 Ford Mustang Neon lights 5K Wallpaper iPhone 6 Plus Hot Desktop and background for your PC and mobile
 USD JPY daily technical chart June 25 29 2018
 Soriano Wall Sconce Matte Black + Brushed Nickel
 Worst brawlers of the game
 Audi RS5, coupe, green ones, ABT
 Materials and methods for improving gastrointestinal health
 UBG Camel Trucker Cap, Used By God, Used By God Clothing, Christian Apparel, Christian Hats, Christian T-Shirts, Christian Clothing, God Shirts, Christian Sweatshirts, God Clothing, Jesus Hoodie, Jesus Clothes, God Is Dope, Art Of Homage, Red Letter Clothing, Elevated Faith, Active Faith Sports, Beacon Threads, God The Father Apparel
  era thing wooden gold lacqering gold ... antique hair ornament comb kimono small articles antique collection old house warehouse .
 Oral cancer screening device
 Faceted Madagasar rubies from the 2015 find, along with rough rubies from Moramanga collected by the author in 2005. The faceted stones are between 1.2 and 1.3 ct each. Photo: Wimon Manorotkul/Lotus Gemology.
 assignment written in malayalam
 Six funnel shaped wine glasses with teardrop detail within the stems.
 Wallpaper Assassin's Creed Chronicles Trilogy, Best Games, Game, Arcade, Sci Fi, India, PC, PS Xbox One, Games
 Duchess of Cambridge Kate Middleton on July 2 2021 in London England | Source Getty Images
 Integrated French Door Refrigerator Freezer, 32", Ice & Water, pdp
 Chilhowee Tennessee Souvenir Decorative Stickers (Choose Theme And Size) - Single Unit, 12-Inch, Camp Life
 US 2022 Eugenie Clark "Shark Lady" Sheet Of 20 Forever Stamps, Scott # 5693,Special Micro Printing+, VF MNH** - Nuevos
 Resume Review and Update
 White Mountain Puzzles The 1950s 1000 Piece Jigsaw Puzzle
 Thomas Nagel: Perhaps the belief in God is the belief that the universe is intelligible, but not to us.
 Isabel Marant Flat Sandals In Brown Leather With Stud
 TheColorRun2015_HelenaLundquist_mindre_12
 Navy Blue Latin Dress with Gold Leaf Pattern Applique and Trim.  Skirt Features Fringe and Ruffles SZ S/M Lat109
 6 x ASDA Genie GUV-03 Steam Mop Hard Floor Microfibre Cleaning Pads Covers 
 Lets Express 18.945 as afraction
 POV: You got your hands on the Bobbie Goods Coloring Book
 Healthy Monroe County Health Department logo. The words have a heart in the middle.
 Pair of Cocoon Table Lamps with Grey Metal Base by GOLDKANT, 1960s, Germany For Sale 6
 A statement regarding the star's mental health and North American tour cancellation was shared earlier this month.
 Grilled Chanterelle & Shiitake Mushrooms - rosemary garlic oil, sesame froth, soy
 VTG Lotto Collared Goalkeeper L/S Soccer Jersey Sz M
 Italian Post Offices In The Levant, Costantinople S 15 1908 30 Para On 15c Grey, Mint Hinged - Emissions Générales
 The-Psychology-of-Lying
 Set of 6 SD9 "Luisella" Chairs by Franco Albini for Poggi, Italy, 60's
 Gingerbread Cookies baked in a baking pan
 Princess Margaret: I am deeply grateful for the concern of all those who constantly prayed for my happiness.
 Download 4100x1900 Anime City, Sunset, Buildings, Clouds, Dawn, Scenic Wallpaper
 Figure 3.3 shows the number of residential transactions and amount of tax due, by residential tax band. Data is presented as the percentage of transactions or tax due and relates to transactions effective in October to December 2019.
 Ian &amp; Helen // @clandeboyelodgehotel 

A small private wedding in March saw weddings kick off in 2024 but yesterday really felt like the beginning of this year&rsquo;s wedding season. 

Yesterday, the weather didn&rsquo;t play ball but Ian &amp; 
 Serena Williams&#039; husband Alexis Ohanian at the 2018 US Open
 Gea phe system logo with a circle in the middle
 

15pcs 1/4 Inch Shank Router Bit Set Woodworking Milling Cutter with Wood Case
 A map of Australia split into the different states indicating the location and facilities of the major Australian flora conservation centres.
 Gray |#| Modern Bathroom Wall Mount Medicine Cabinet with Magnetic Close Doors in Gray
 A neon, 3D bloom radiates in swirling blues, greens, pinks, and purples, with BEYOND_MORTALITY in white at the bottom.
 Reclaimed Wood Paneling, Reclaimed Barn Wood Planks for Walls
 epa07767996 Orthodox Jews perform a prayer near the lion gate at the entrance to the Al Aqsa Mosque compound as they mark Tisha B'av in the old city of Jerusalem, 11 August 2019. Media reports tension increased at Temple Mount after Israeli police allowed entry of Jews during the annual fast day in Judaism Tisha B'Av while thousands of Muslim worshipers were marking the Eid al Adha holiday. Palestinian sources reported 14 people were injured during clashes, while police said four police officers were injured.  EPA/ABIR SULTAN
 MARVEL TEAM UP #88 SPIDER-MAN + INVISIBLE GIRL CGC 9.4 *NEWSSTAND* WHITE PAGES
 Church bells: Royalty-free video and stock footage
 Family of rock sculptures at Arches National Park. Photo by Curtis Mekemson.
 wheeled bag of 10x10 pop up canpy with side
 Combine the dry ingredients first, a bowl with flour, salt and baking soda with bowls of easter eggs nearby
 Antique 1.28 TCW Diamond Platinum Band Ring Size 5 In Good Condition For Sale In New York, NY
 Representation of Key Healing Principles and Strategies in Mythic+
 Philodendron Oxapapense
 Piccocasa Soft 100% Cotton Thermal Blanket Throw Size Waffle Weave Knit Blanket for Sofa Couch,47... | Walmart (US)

____________________

▸ **TASK DIRECTIONS**: Read the records above. Show each line that has the string "Grey".

▸ **REPLY**:
 Pair of Cocoon Table Lamps with Grey Metal Base by GOLDKANT, 1960s, Germany For Sale 6
 Italian Post Offices In The Levant, Costantinople S 15 1908 30 Para On 15c Grey, Mint Hinged - Emissions Générales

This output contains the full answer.